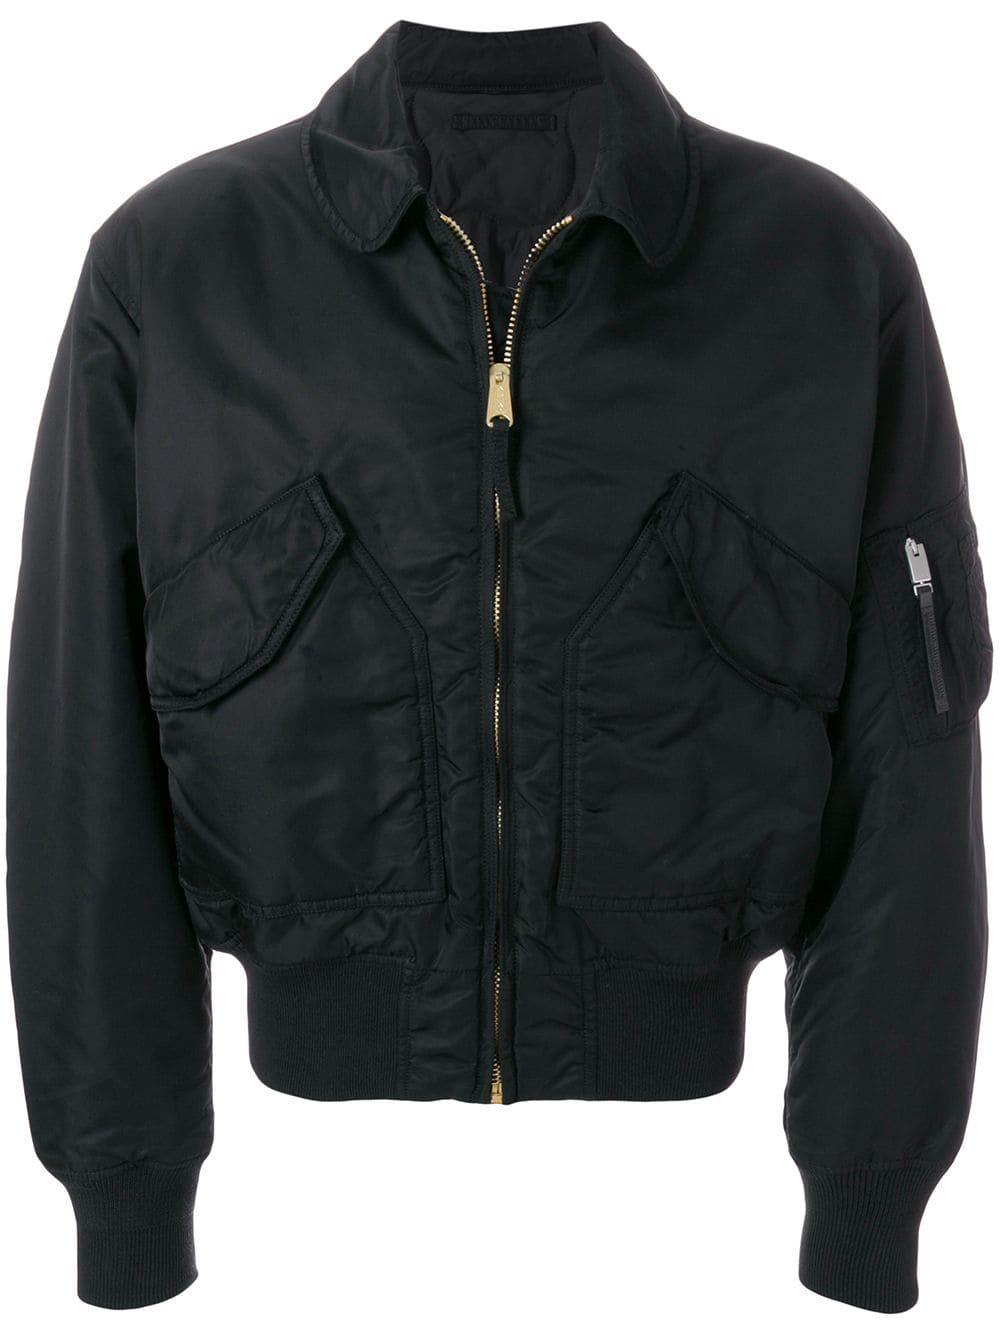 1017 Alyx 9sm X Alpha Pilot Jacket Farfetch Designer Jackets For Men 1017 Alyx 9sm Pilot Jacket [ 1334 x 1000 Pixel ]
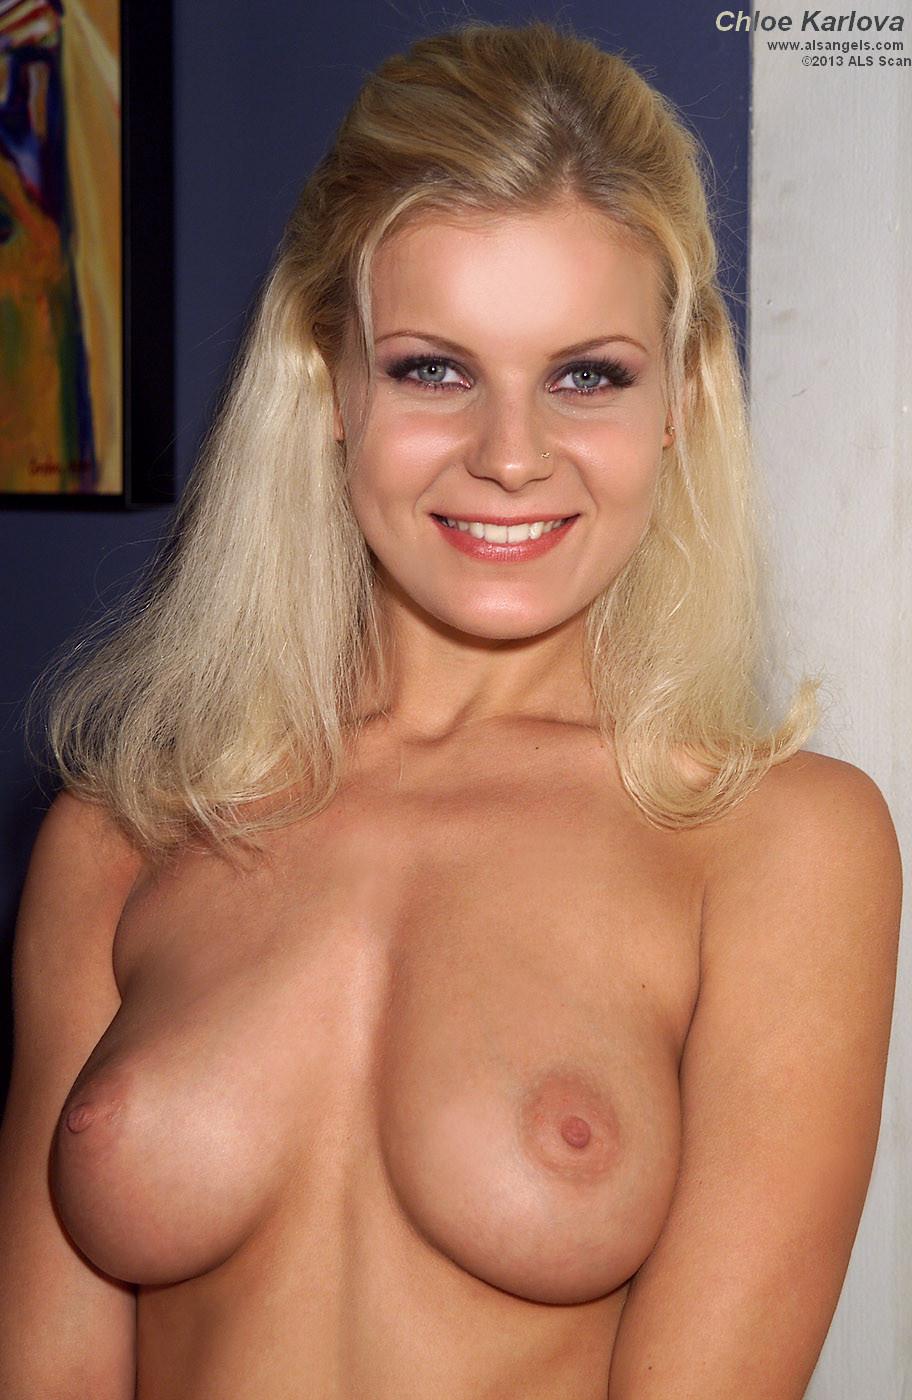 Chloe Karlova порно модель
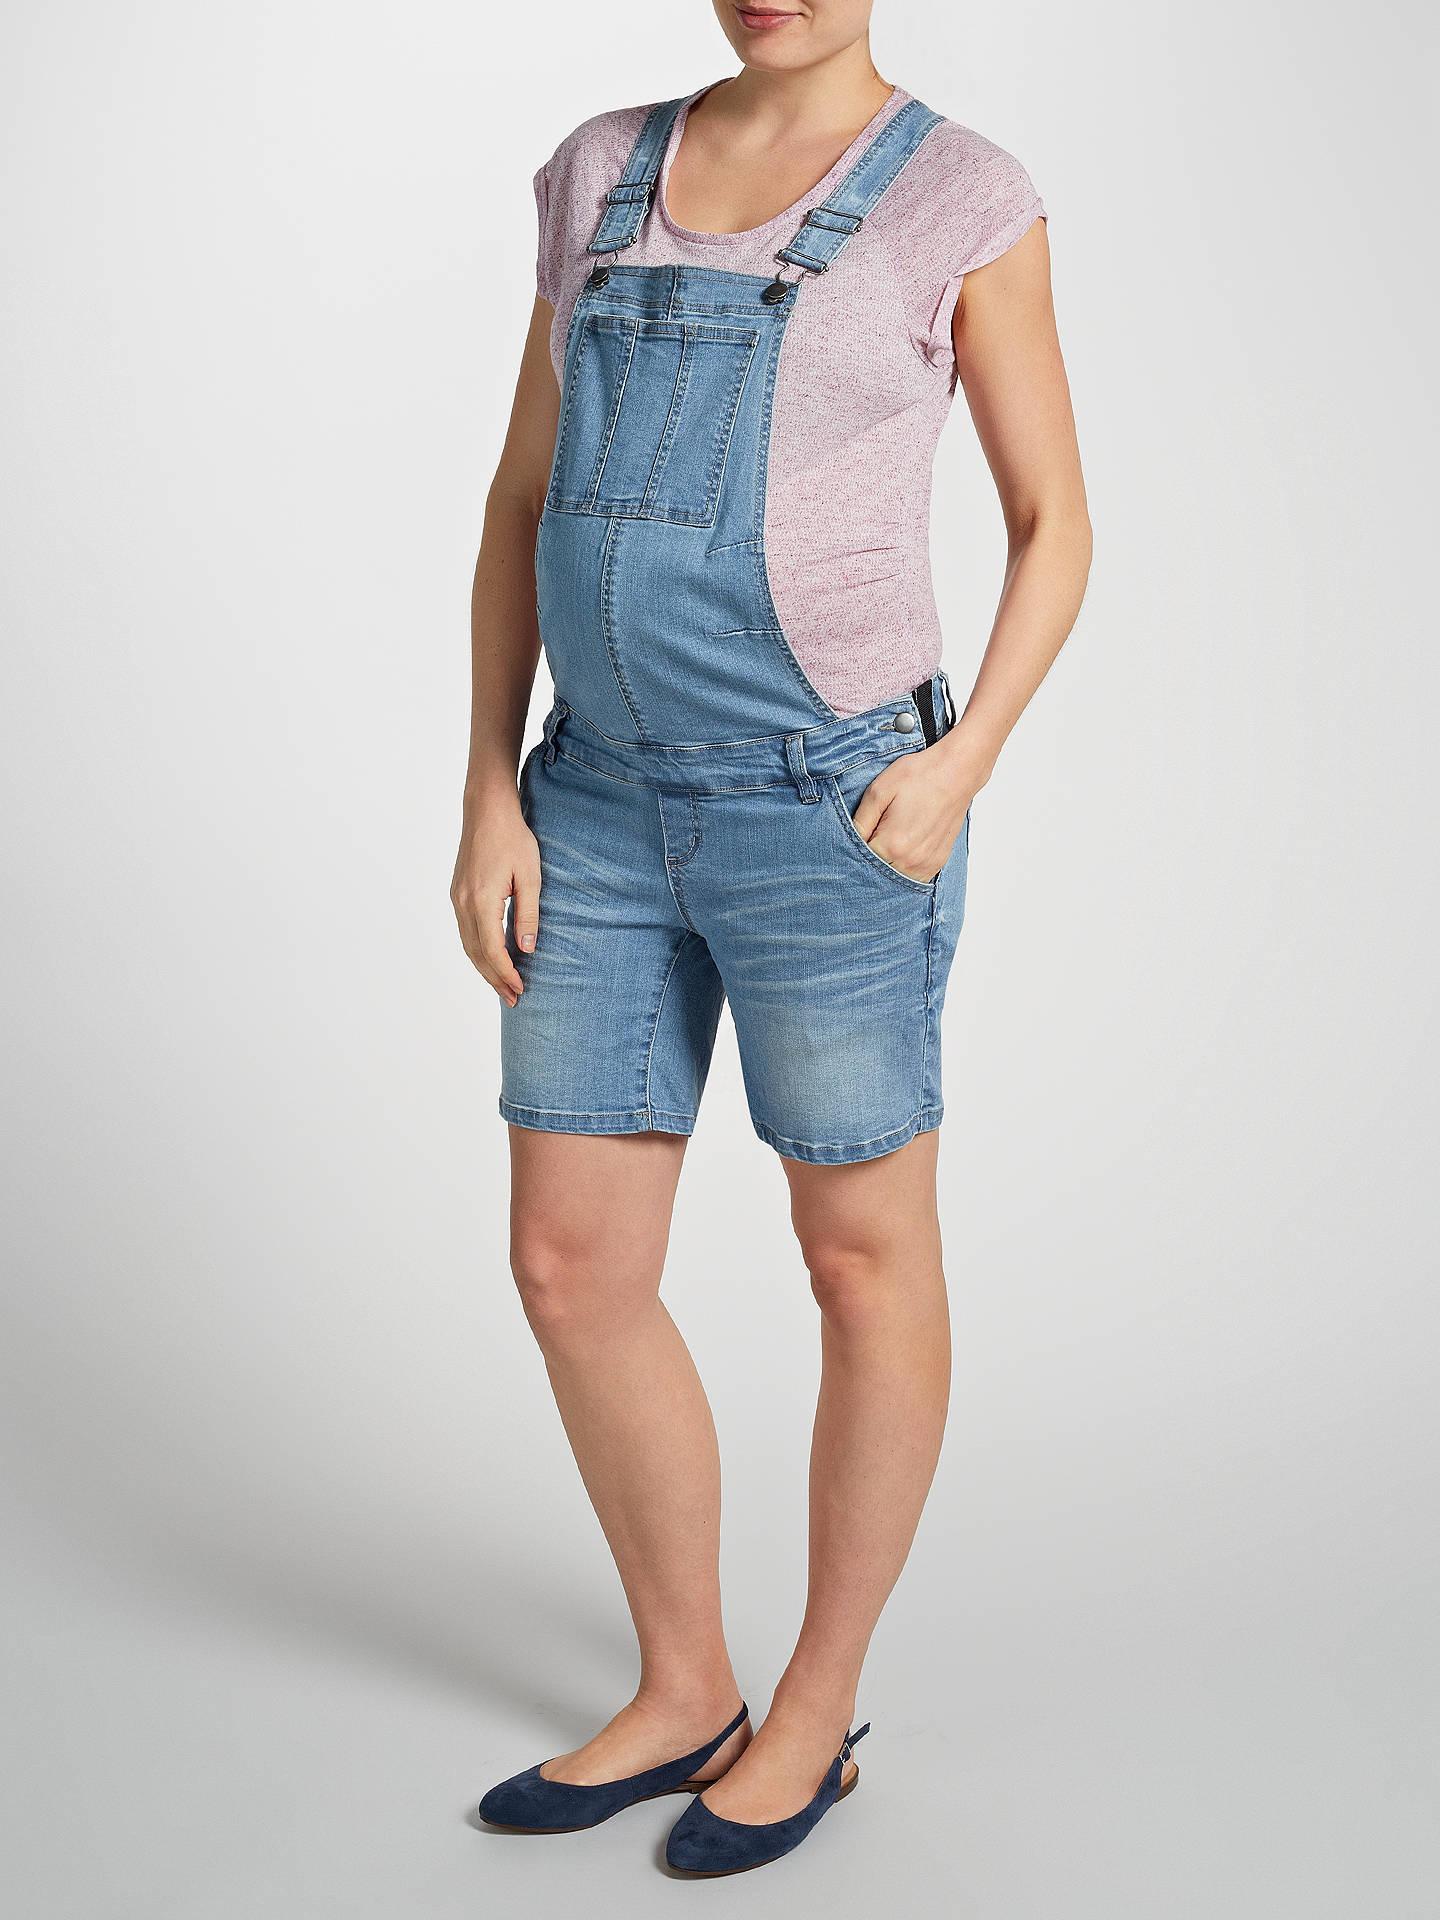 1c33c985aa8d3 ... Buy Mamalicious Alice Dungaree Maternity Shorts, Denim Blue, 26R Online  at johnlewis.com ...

::::

__What to work on__:
Write the material out again exactly as it appears, dropping the pictures.

__Answer section__:
 1017 Alyx 9sm X Alpha Pilot Jacket Farfetch Designer Jackets For Men 1017 Alyx 9sm Pilot Jacket [ 1334 x 1000 Pixel ]
 Chloe Karlova порно модель
 1c33c985aa8d3 ... Buy Mamalicious Alice Dungaree Maternity Shorts, Denim Blue, 26R Online  at johnlewis.com ...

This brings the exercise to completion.